The Tokugawa shogunate or the Edo bakufu was the last Japanese samurai government characterized with the authoritarian model of politics. The shogunate was headed by the shoguns who belonged to the Tokugawa family. The center of the country was in Edo (the old name of Tokyo). The Edo bakufu existed for more than two centuries (1603-1867); therefore, its influence on the history of Japan was enormous. When we look at the entire history of samurai, we will notice that the Tokugawa shogunate was the most powerful and effective government due to its logical and well-organized internal structure.
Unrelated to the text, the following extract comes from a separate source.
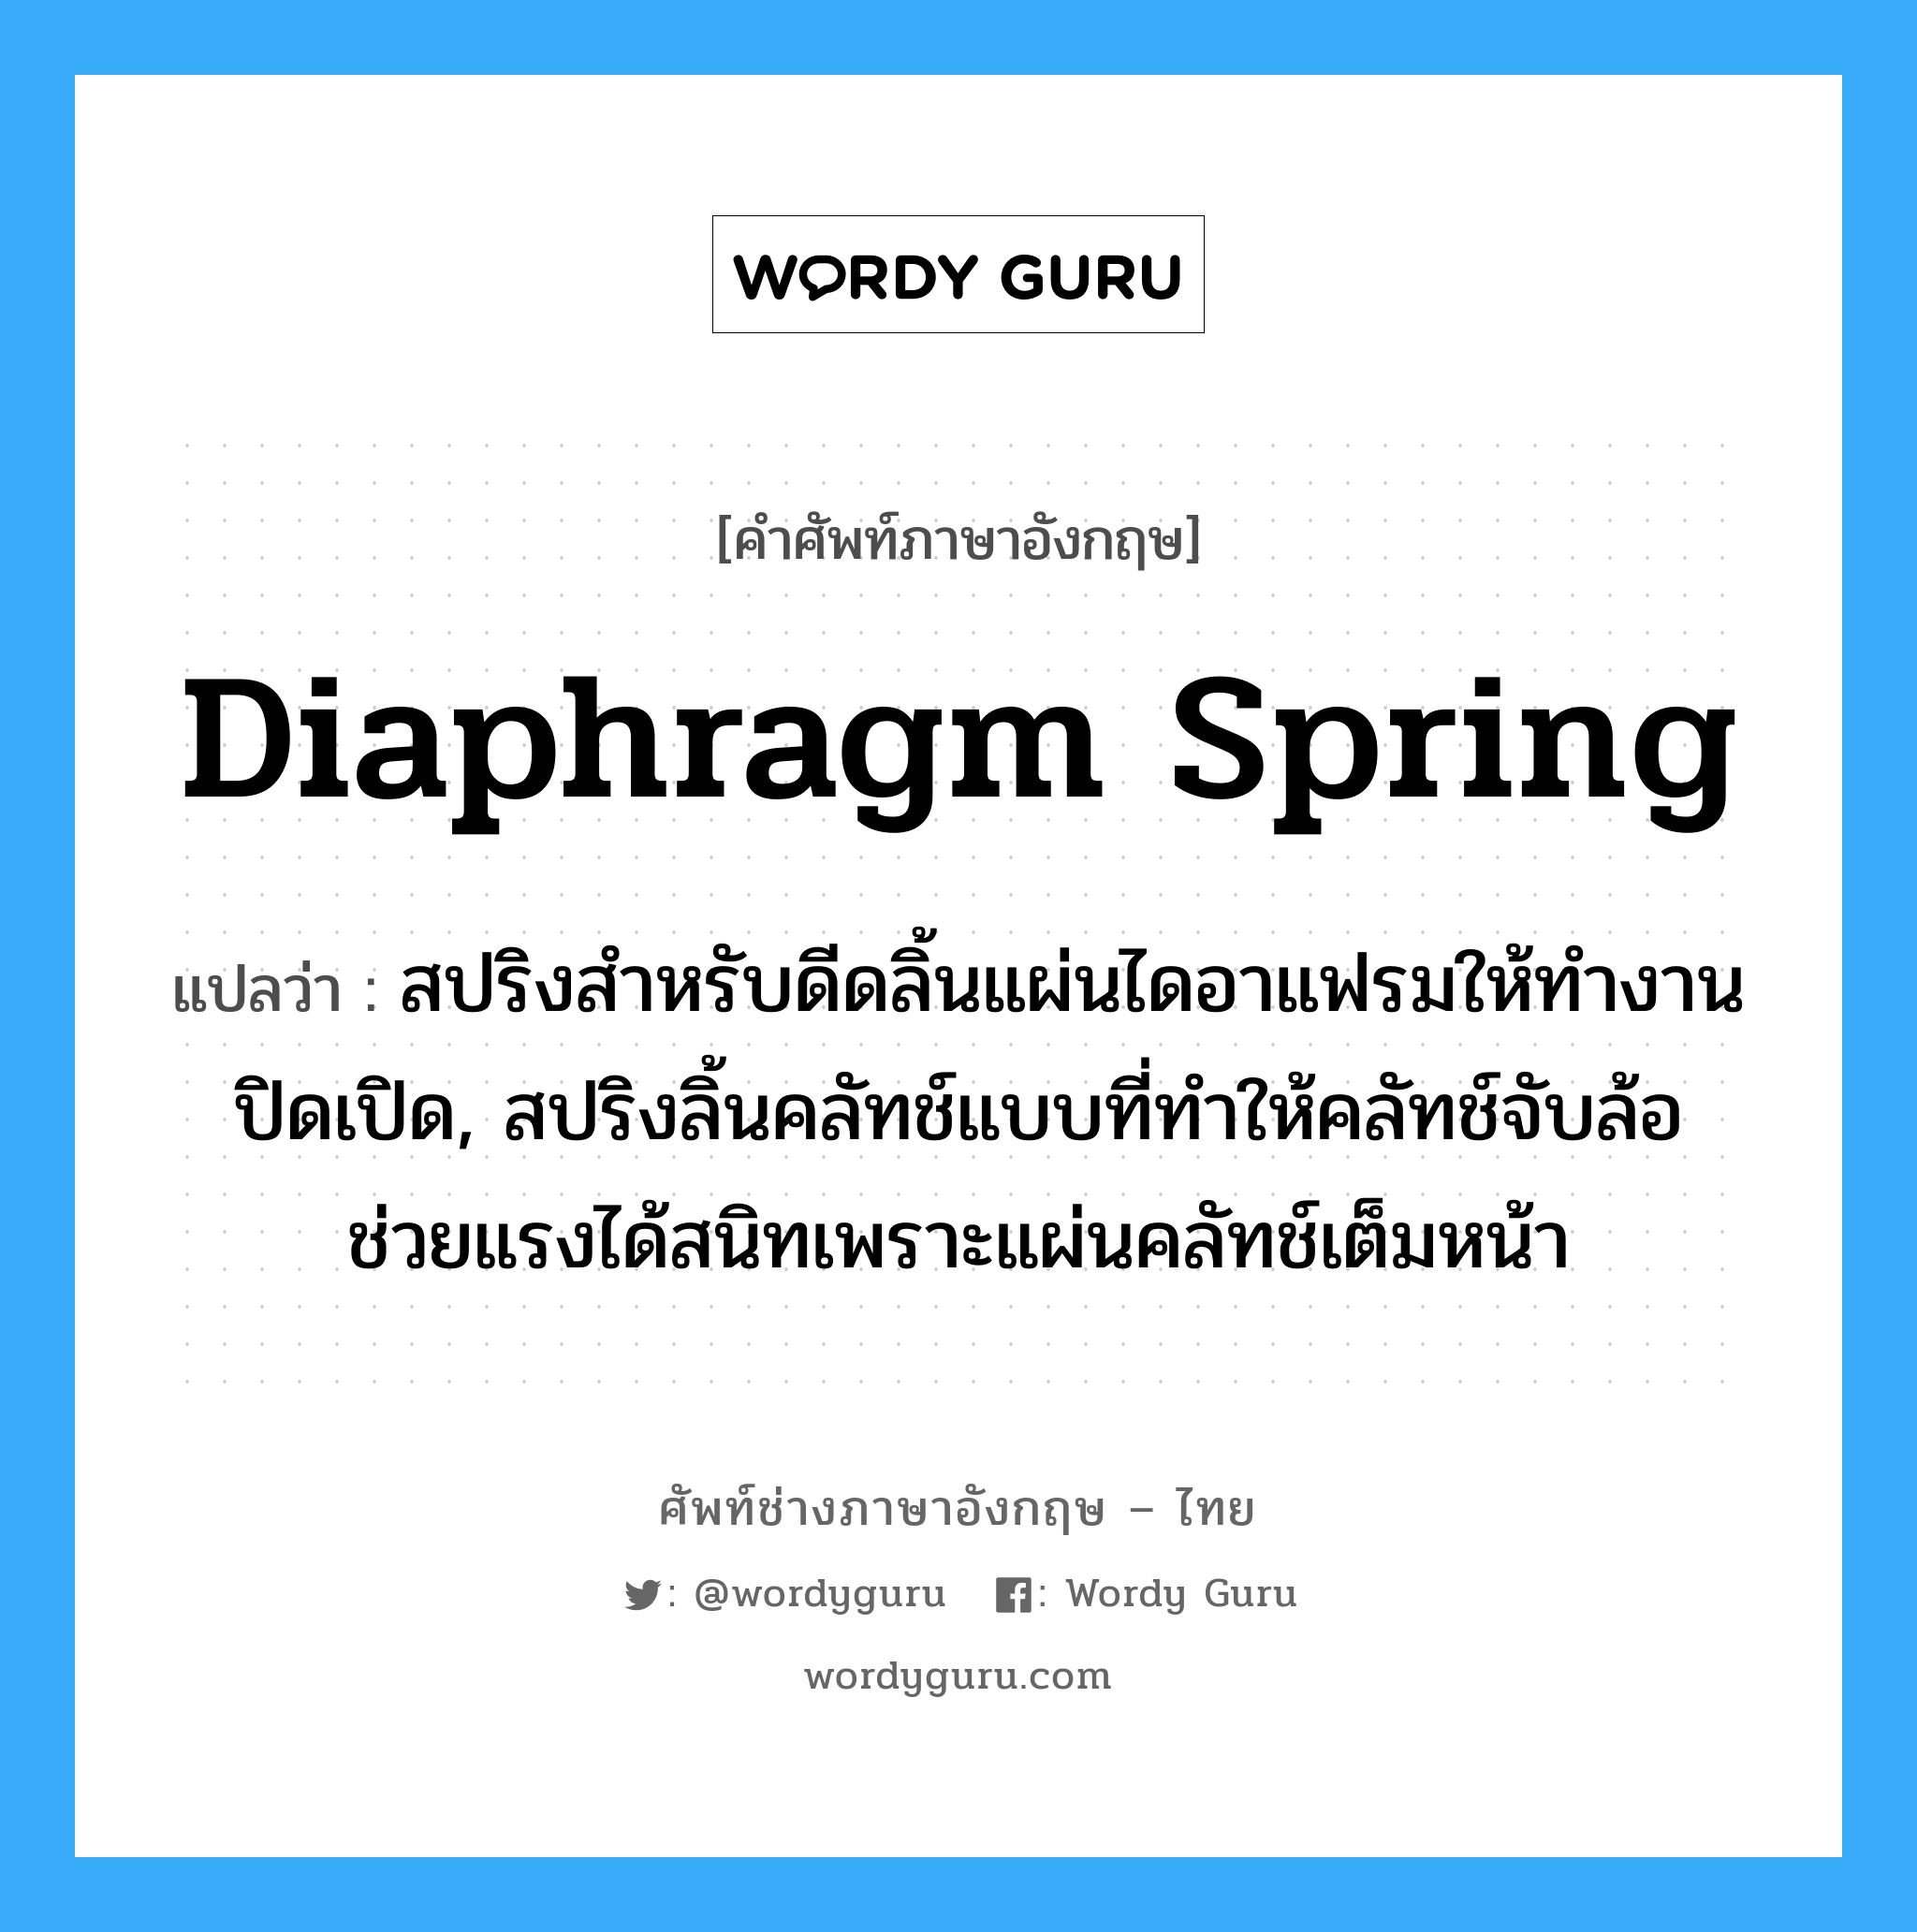 diaphragm spring แปลว่า?, คำศัพท์ช่างภาษาอังกฤษ - ไทย diaphragm spring คำศัพท์ภาษาอังกฤษ diaphragm spring แปลว่า สปริงสำหรับดีดลิ้นแผ่นไดอาแฟรมให้ทำงานปิดเปิด, สปริงลิ้นคลัทช์แบบที่ทำให้คลัทช์จับล้อ ช่วยแรงได้สนิทเพราะแผ่นคลัทช์เต็มหน้า

How did the shogunate occur? It is possible to say that the first shogun Tokugawa Ieyasu captured the power in Japan after the Battle of Sekigahara in 1600. He possessed quite a serious army and could keep other samurais under his control. Hereupon, Tokugawa Ieyasu obtained the title of shogun from the Emperor and became an informal leader of the whole country. When he gained his title, he founded his shogunate in Edo and became the head of all samurais of Japan.
Tokugawa Ieyasu developed a new system of rights and duties between the central government in Edo and provincial leaders in their hans or domains ruled by daimyo. In 1615, Tokugawa Ieyasu ordered all daimyos to provide him with the detailed reports about their local economy, infrastructure and army. Furthermore, they provided their shogun with the detailed maps of their domains. Thus, one can say that Japan received its first high-quality and practical maps during the rule of Tokugawa Ieyasu. The shogunate generated very strict laws, which limited the power of daimyos. They became dependent on the central government. Daimyos had the right to possess only one castle in their domains. In addition, they could not improve the defense of their castles and were not permitted to establish political alliances with their neighbors without the permission of the shogun. Tokugawa Ieyasu divided daimyos into three categories according to their importance and status. The first group was represented by the daimyos who belonged to the Tokugawa clan. The hereditary vassals of Ieyasu represented the second group. The third class of daimyos was called ‘outsiders’. They were the daimyos who became vassals after the Battle of Sekigahara. Tokugawa Ieyasu made the title of shogun hereditary. He made his son Hidetata the second shogun though he was still alive and ruled the country shadily.
Shoguns managed to keep their vassals under the strict control with the help of numerous methods. The most important one is associated with the exhaustion of the economy of every domain. Every two years every daimyo had to go to Edo and spend a year at the palace of the shogun. This practice of alternate attendance was harmful for the economy of every domain inasmuch as they had to waste much money on the support of their leader in Edo. Thus, the local vassals did not have enough resources to make a powerful army that could organize a rebellion. Then, it is curious that the domains of the first two categories of daimyos located as close to the center of the country as possible. The ‘outsiders’ lived on the periphery of the country, especially in the western part of Japan. This decision is reasonable forasmuch these close relatives and hereditary vassals received privileges while the ‘outsiders’ lived too far to cause any impact on the life of the country.
Although Japan was ruled by the Emperor, the informal power belonged to the shogunate. This institution began to interfere with the life of the court in order to impose its own ideas concerning the policy of the country. For that reason, the majority of the laws and official orders were generated by the shoguns. They could manipulate the Emperor easily making him just a symbol of Japan. He did not have any solid powers.
The shogunate conducted the controversial and disputable policy of isolationism. The shoguns were afraid of the influence of Western Civilization into the life and culture of Japan. They prevented the development of trade and international relations in order to preserve the authentic and uncommon culture and lifestyle of Japan. As a result, the culture of Japan remained in its genuine and native condition by the 19th century. Only after the collapse of the shogunate and restoration of the Emperor’s power in 1867, the country officially entered the international political and economic arena.